I have no idea if anyone has done such a thing, I was only saying that I could image one could do it. The Harvesting step allows someone to read MonitorElements from the DQMStore and then create new MonitorElements based on those previous ones. Off the top of my head I can't think of why the read MonitorElements couldn't come from the LuminosityBlock transition and then the final MonitorElement is finished at end job time (which is where the DQMEDHarvester does its final call for MonitorElements).

VinInn commented 7 years ago

I think we should ask root to implement histograms that do not allocate (interval of) bins if they are not filled. can be done under the hood... (I book 0,2500, I use only 11 it books only one bin corresponding to 11, etc) when are summed the whole interval (say 9 250) is properly filled.... pretty trivial

davidlange6 commented 7 years ago

a good thought -I realize its already done for the example of lumi section # if we know the lumi section number at booking time - make a one bin histogram and set SetCanExtend(). but can the lumi section be known when the histrograms are booked? I would think not..

On Jun 16, 2017, at 7:09 PM, Vincenzo Innocente notifications@github.com wrote:

I think we should ask root to implement histograms that do not allocate (interval of) bins if they are not filled. can be done under the hood... (I book 0,2500, I use only 11 it books only one bin corresponding to 11, etc) when are summed the whole interval (say 9 250) is properly filled.... pretty trivial

— You are receiving this because you were mentioned. Reply to this email directly, view it on GitHub, or mute the thread.

davidlange6 commented 7 years ago

or has anyone used THnSparse?

On Jun 16, 2017, at 7:34 PM, David Lange David.Lange@cern.ch wrote:

a good thought -I realize its already done for the example of lumi section # if we know the lumi section number at booking time - make a one bin histogram and set SetCanExtend(). but can the lumi section be known when the histrograms are booked? I would think not..

On Jun 16, 2017, at 7:09 PM, Vincenzo Innocente notifications@github.com wrote:

I think we should ask root to implement histograms that do not allocate (interval of) bins if they are not filled. can be done under the hood... (I book 0,2500, I use only 11 it books only one bin corresponding to 11, etc) when are summed the whole interval (say 9 250) is properly filled.... pretty trivial

— You are receiving this because you were mentioned. Reply to this email directly, view it on GitHub, or mute the thread.

davidlange6 commented 7 years ago

Ignore SetCanExtend - it doesn't change the # of bins when extending the axis...

On Jun 16, 2017, at 7:41 PM, David Lange David.Lange@cern.ch wrote:

or has anyone used THnSparse?

On Jun 16, 2017, at 7:34 PM, David Lange David.Lange@cern.ch wrote:

a good thought -I realize its already done for the example of lumi section # if we know the lumi section number at booking time - make a one bin histogram and set SetCanExtend(). but can the lumi section be known when the histrograms are booked? I would think not..

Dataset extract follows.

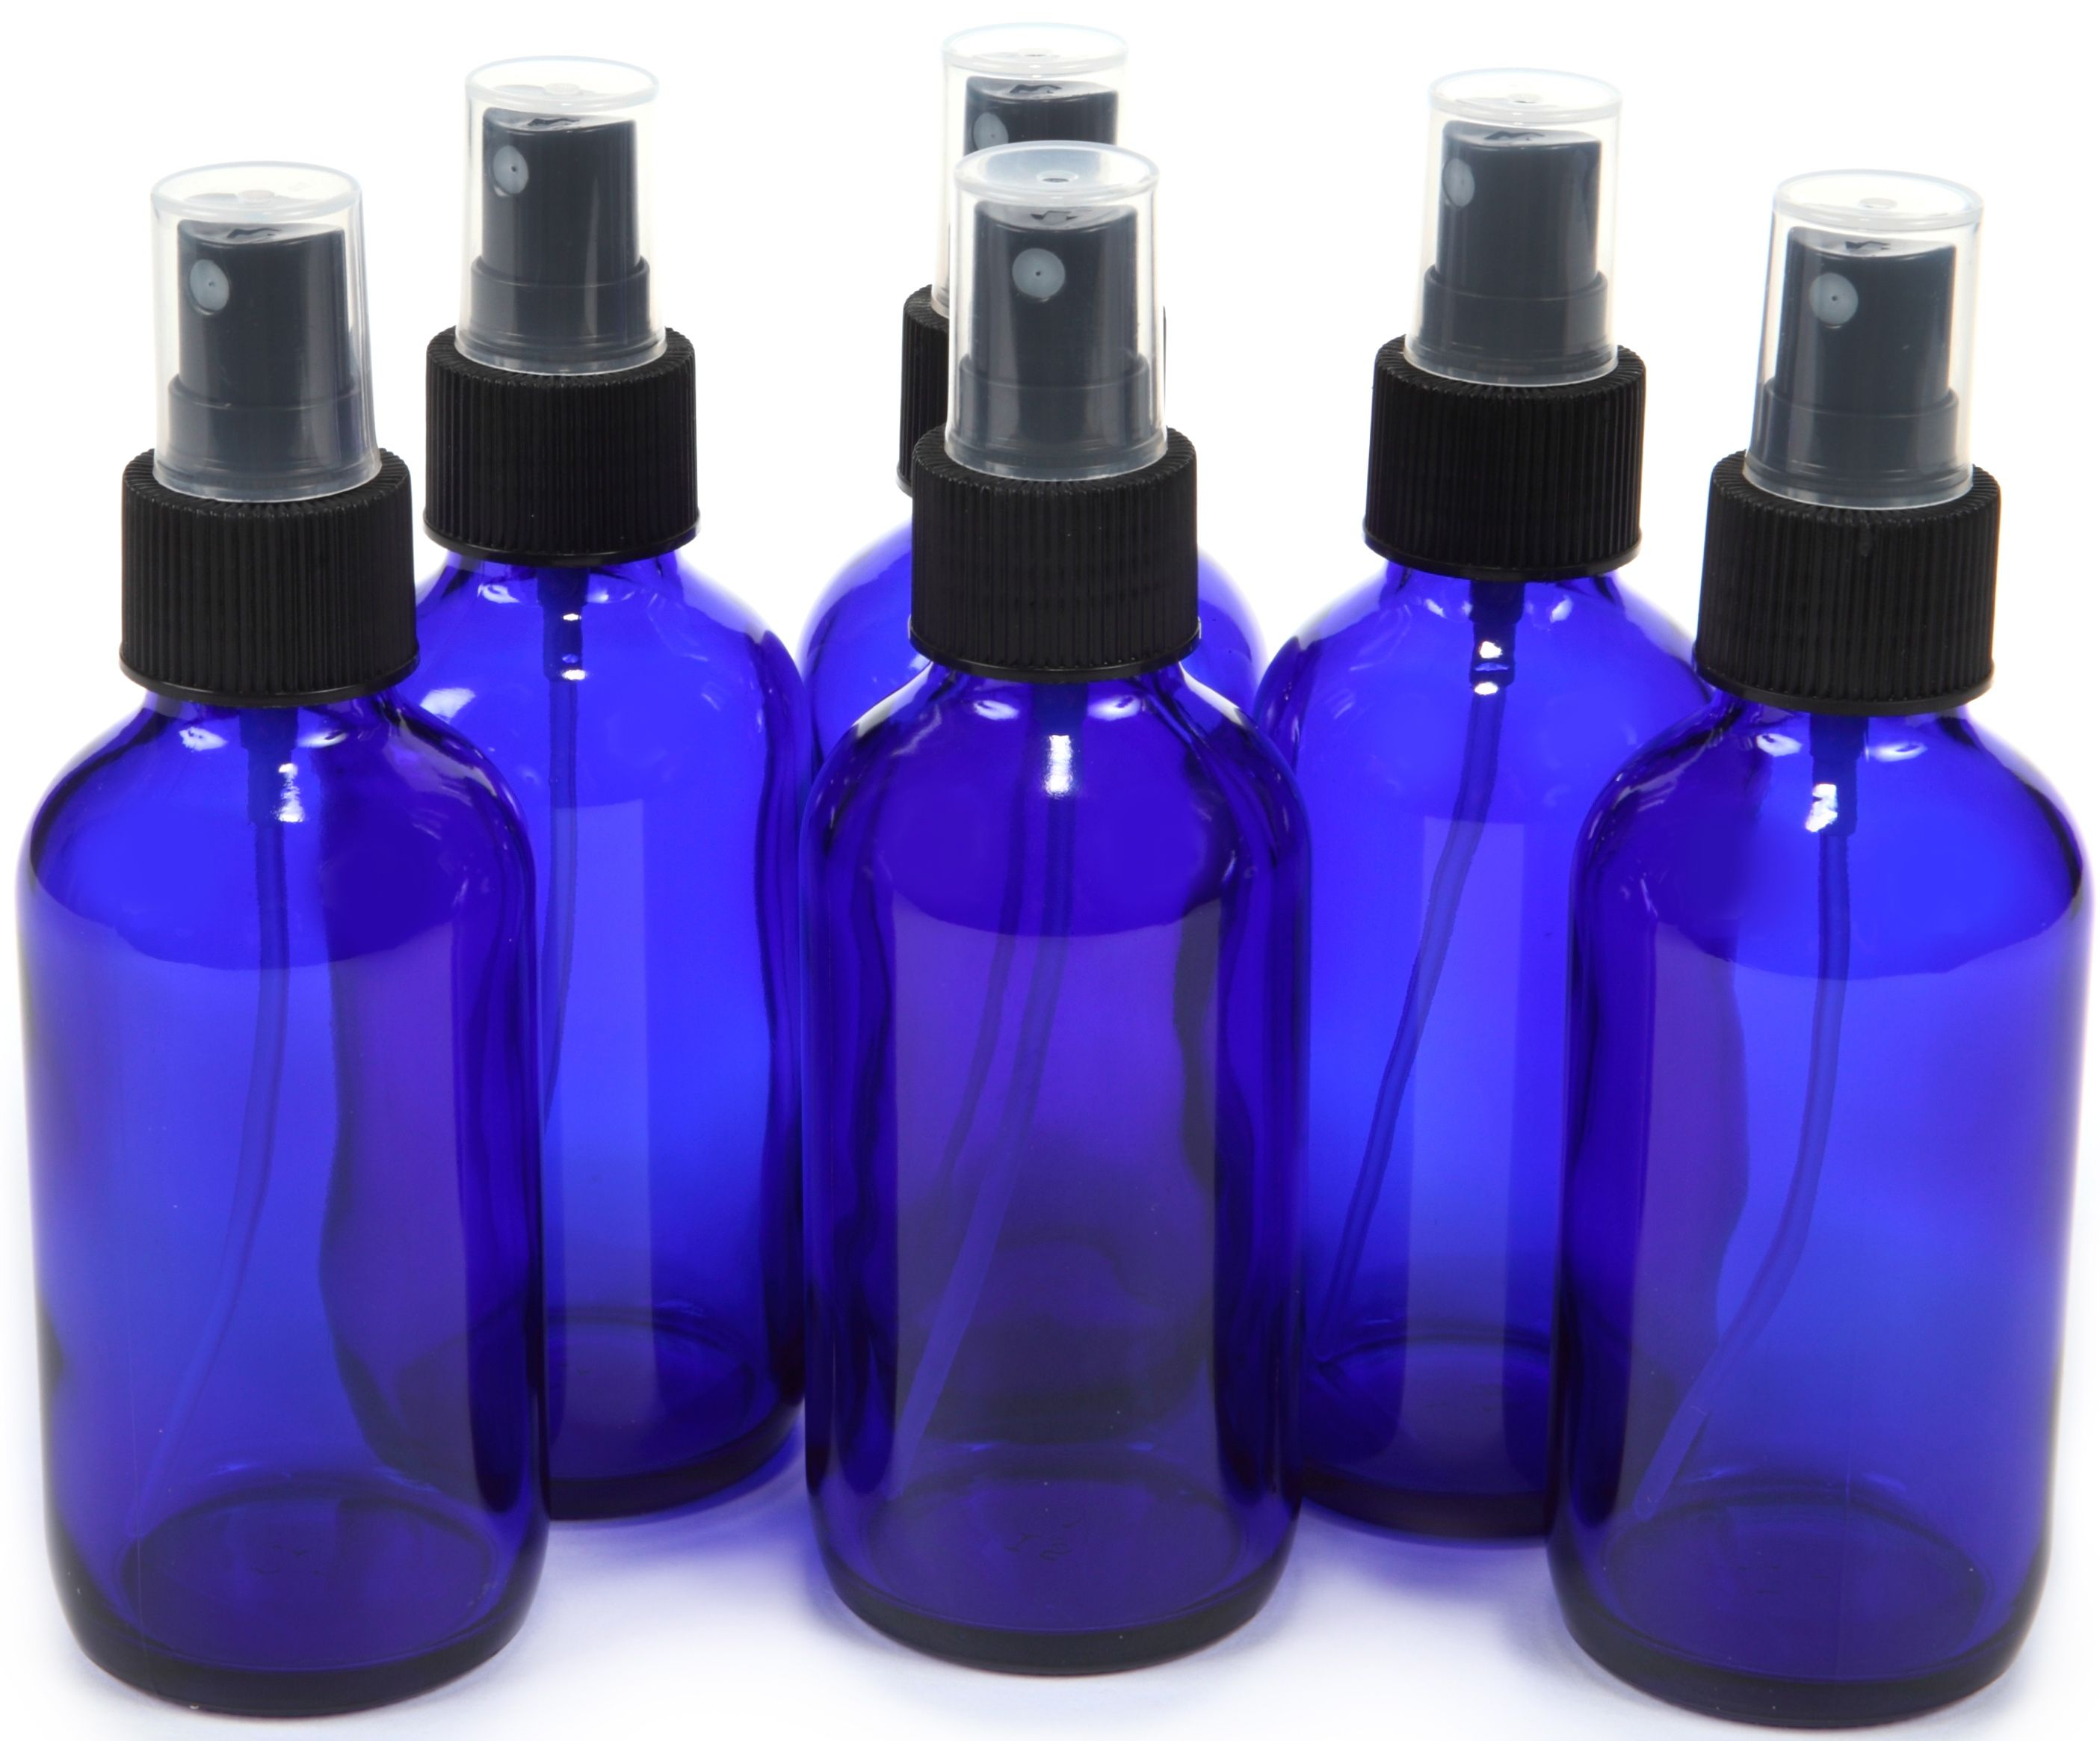 Glass Bottles With Fine Mist Sprayers Vivaplex

On Jun 16, 2017, at 7:09 PM, Vincenzo Innocente notifications@github.com wrote:

I think we should ask root to implement histograms that do not allocate (interval of) bins if they are not filled. can be done under the hood... (I book 0,2500, I use only 11 it books only one bin corresponding to 11, etc) when are summed the whole interval (say 9 250) is properly filled.... pretty trivial

— You are receiving this because you were mentioned. Reply to this email directly, view it on GitHub, or mute the thread.

VinInn commented 7 years ago

otherwise do-it-yourself a map (with one single entry most of the time) of single bin histos and fill the proper histo in harvesting A waste of intelligence, ok, but is ROOT developers' intelingence...

venturia commented 7 years ago

@davidlange6 "ignore SetCanExtend" if you want to be sure about having one bin for each lumisection BUT, on the other hand, if you want to have trend plots of average values where one bin is one or more (but not too many) lumisections, SetCanExtend is the right thing to do. This is what we are doing in the Tracker and we are pretty happy about them. SetCanExtend does everything for us: change the binning when the number of lumisections pass a threshold value and handles properly the mering of the histograms (TProfile) even if they end up having different number of bins.

davidlange6 commented 7 years ago

interesting - perhaps it works differently for TProfiles than TH1Fs (in fact, probably it has to be the case given what a TProfile does) - will try to confirm.

It still doesn't suppress the 0 on the x-axis automatically however... so if you are processing lumi section 25000, you have 25000 bins..

On Jun 19, 2017, at 10:08 AM, venturia notifications@github.com wrote:

@davidlange6 "ignore SetCanExtend" if you want to be sure about having one bin for each lumisection BUT, on the other hand, if you want to have trend plots of average values where one bin is one or more (but not too many) lumisections, SetCanExtend is the right thing to do. This is what we are doing in the Tracker and we are pretty happy about them. SetCanExtend does everything for us: change the binning when the number of lumisections pass a threshold value and handles properly the mering of the histograms (TProfile) even if they end up having different number of bins.

— You are receiving this because you were mentioned. Reply to this email directly, view it on GitHub, or mute the thread.

venturia commented 7 years ago

OK, but we do not book with 25000 bins... One has to be much much less demanding.

davidlange6 commented 7 years ago

indeed, i was exaggerating by a factor of 10 - but 2500 is routine.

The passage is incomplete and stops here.